* INPUT FOR THIS TASK:

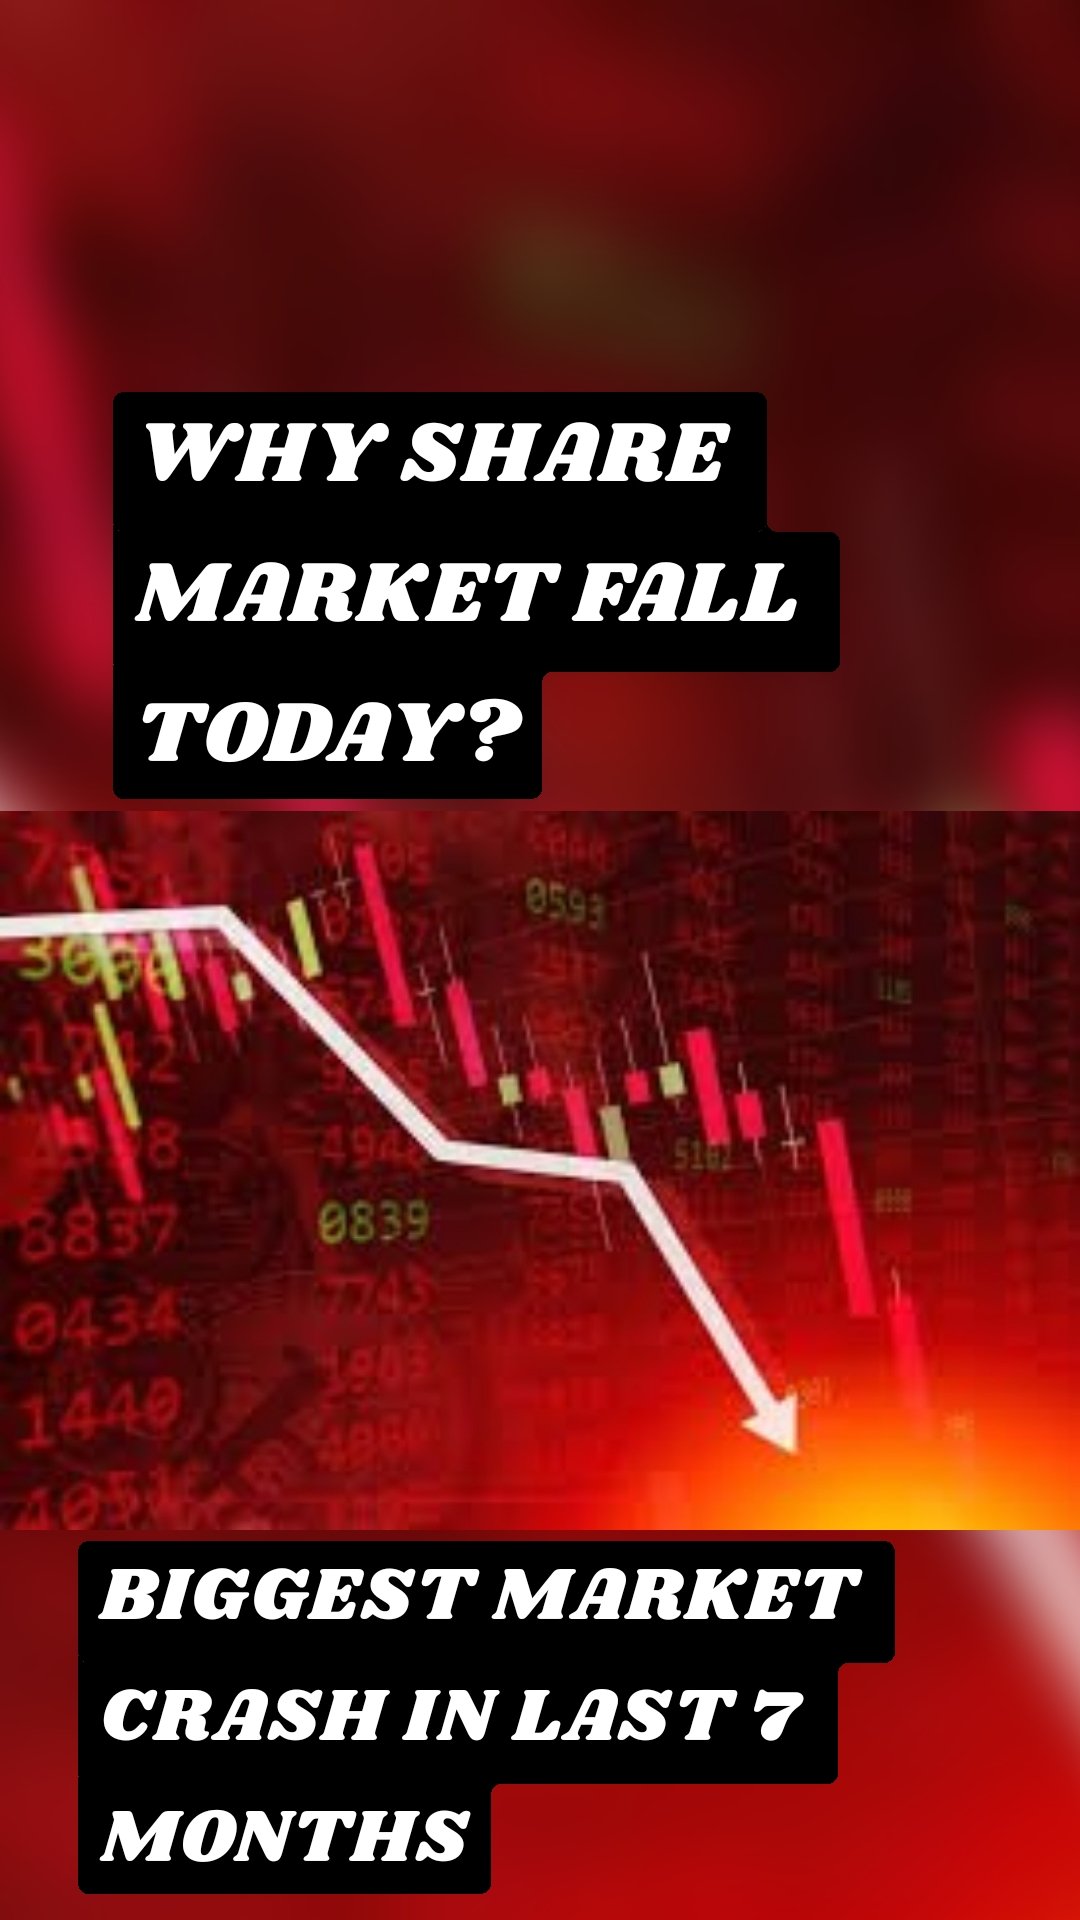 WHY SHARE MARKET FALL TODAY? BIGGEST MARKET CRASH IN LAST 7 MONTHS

--

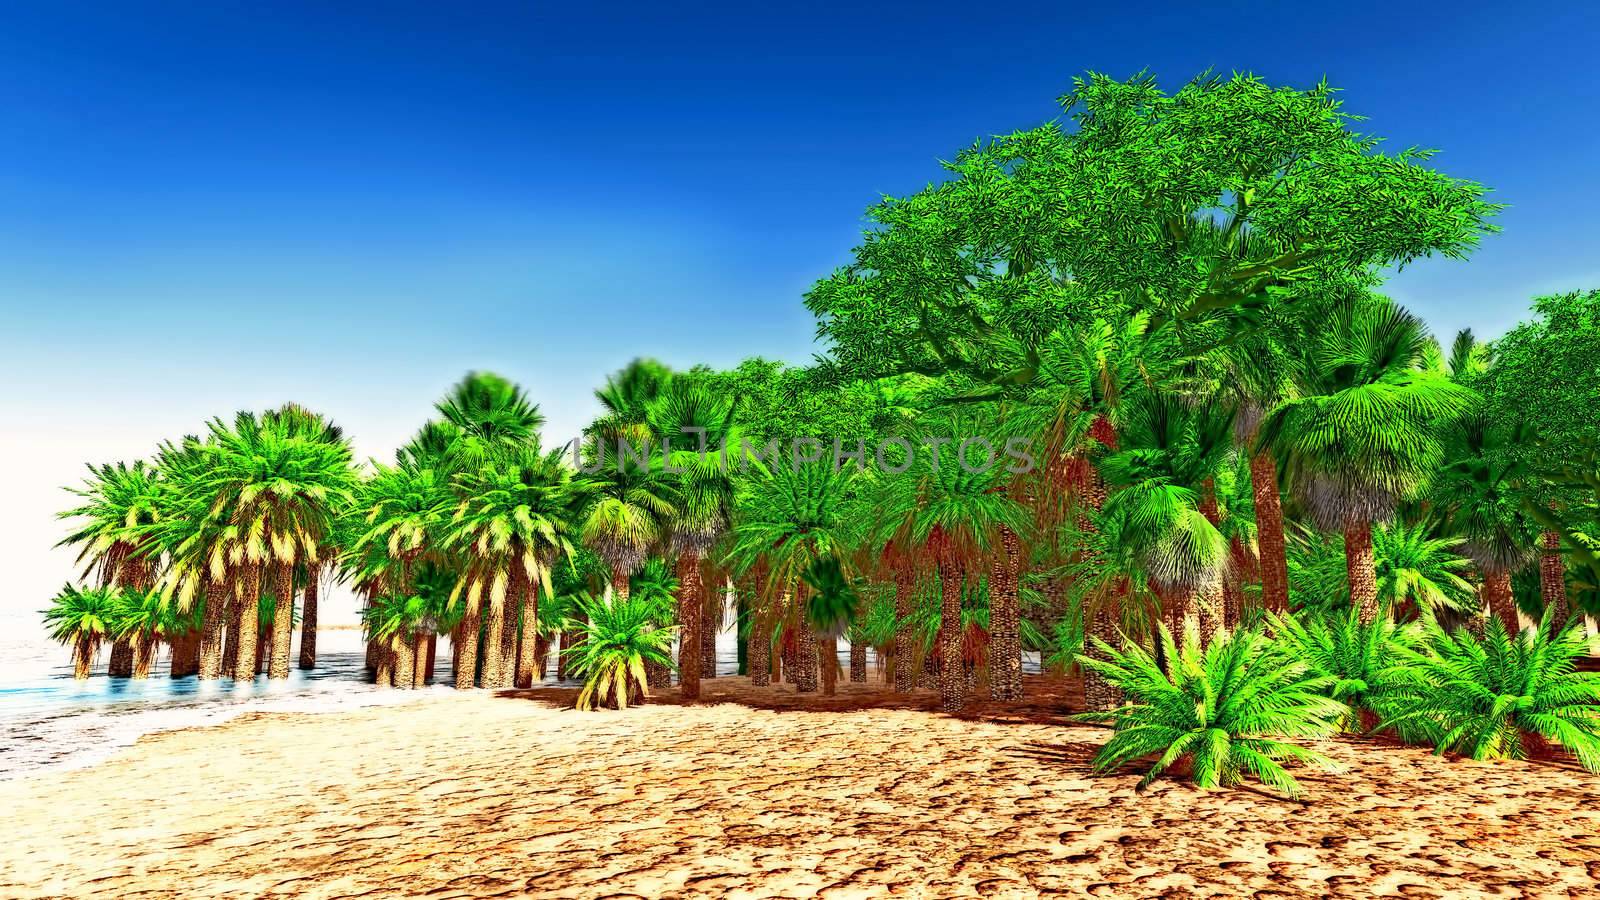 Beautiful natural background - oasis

* * *

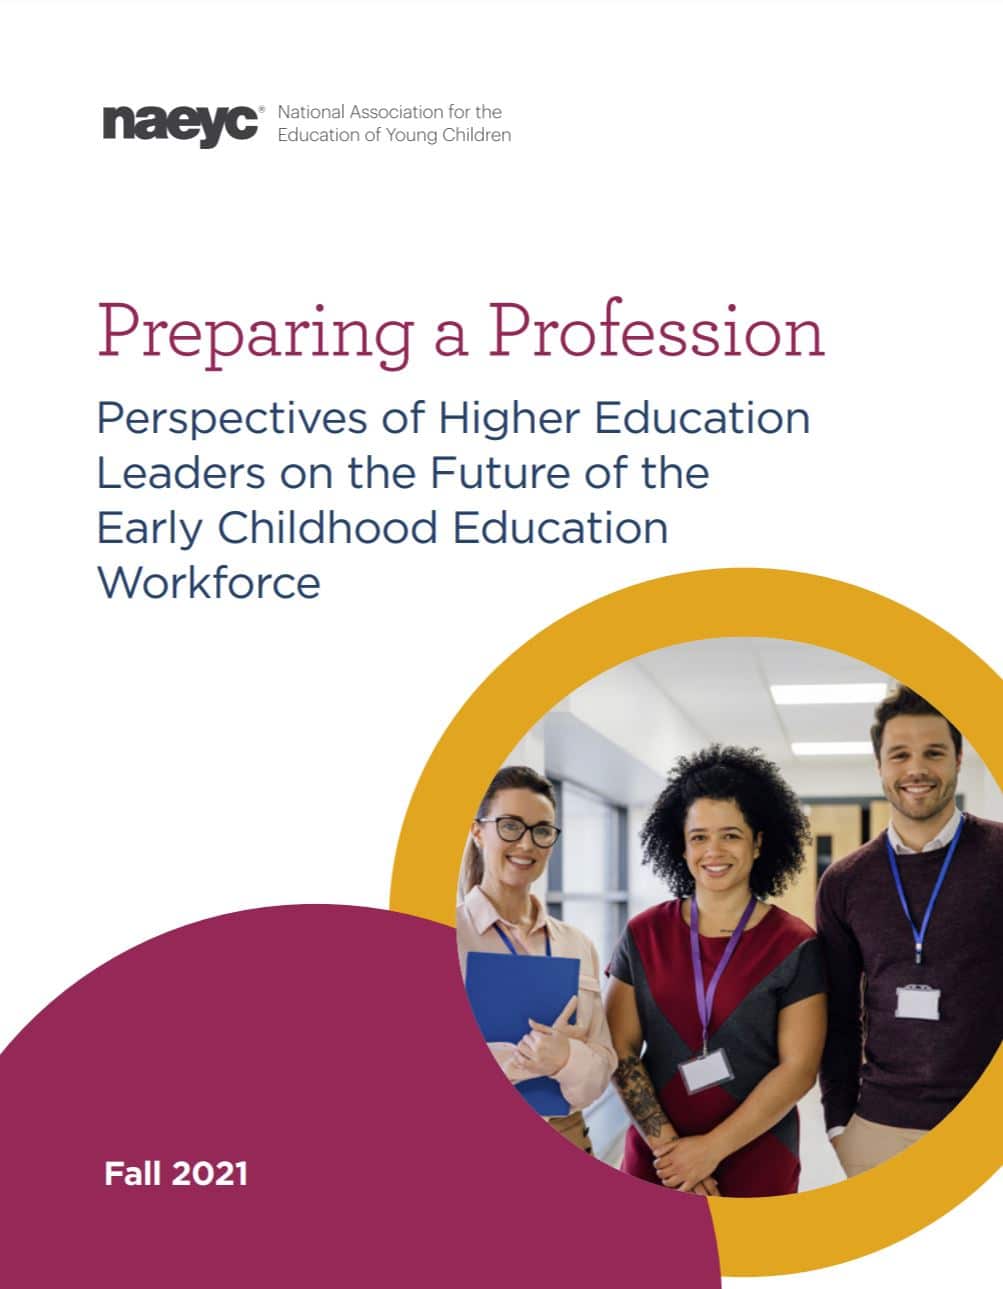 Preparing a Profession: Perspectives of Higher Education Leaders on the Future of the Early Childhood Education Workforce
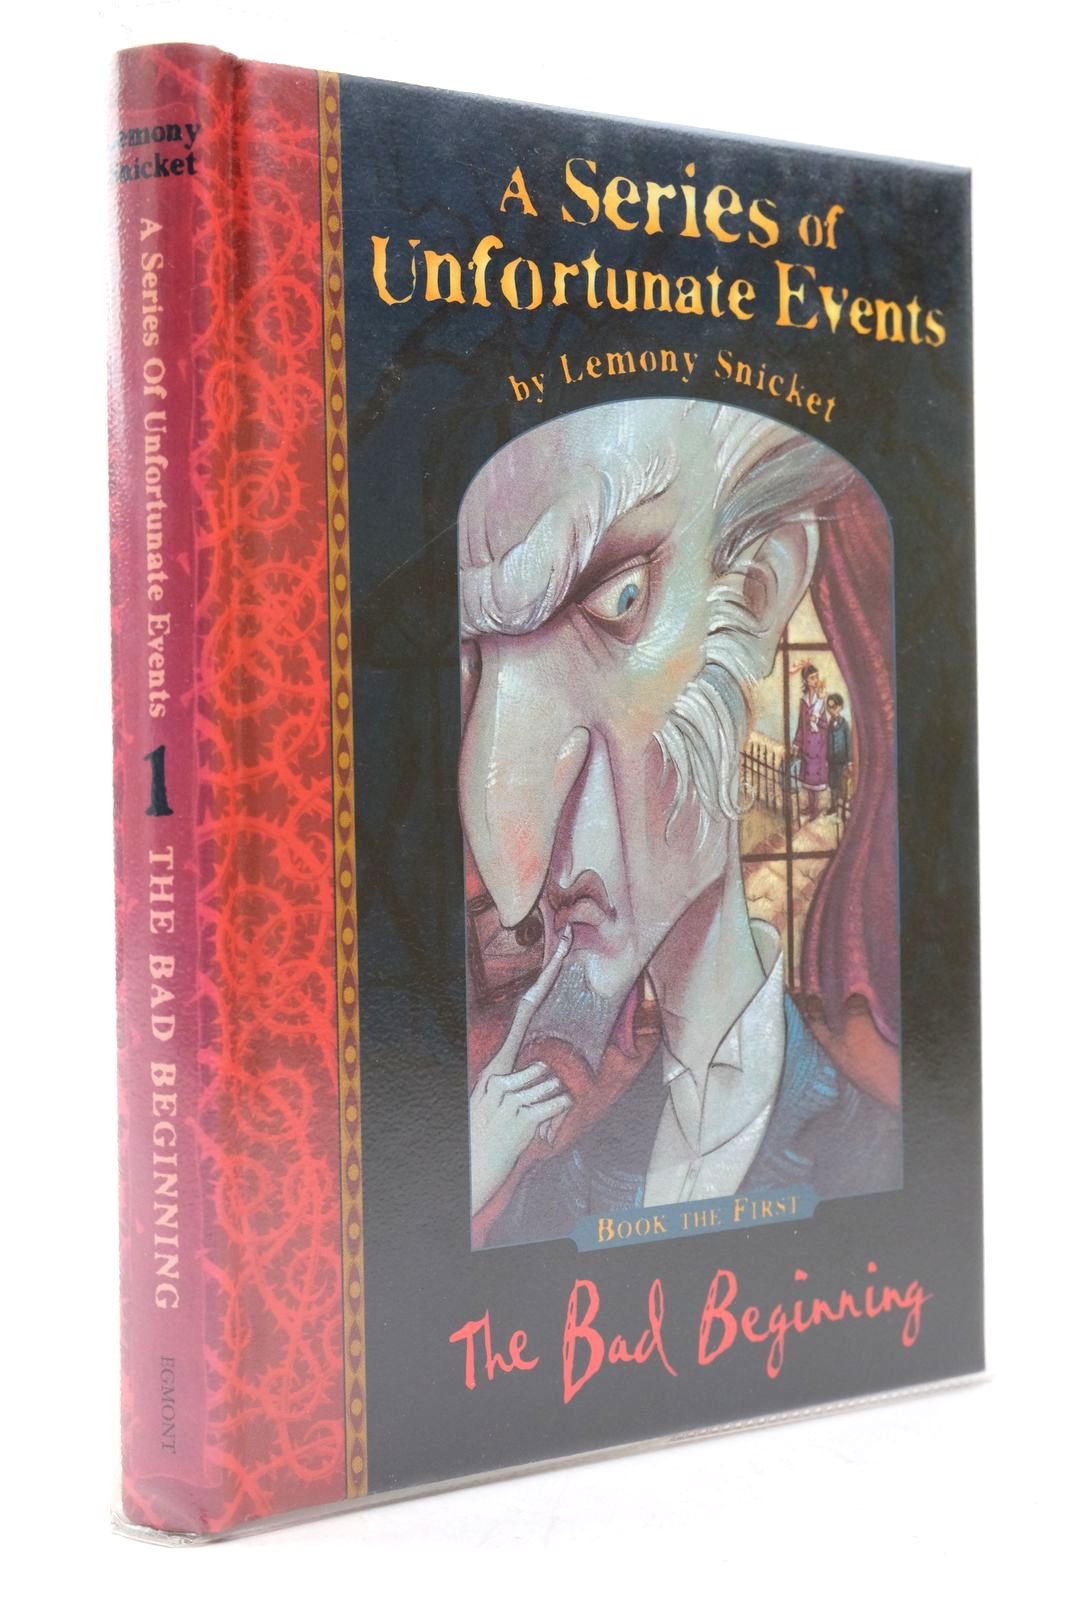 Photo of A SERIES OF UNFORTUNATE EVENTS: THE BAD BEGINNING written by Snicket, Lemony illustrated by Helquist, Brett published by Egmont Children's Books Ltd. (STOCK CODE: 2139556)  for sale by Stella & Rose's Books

* PROBLEM: Each line above from the one containing "Preparing a Profession: Perspectives" through the one containing "Photo of A SERIES" is to be returned verbatim. Nothing else, and no pictures.

* SOLVED EXERCISE:
 Preparing a Profession: Perspectives of Higher Education Leaders on the Future of the Early Childhood Education Workforce
 Photo of A SERIES OF UNFORTUNATE EVENTS: THE BAD BEGINNING written by Snicket, Lemony illustrated by Helquist, Brett published by Egmont Children's Books Ltd. (STOCK CODE: 2139556)  for sale by Stella & Rose's Books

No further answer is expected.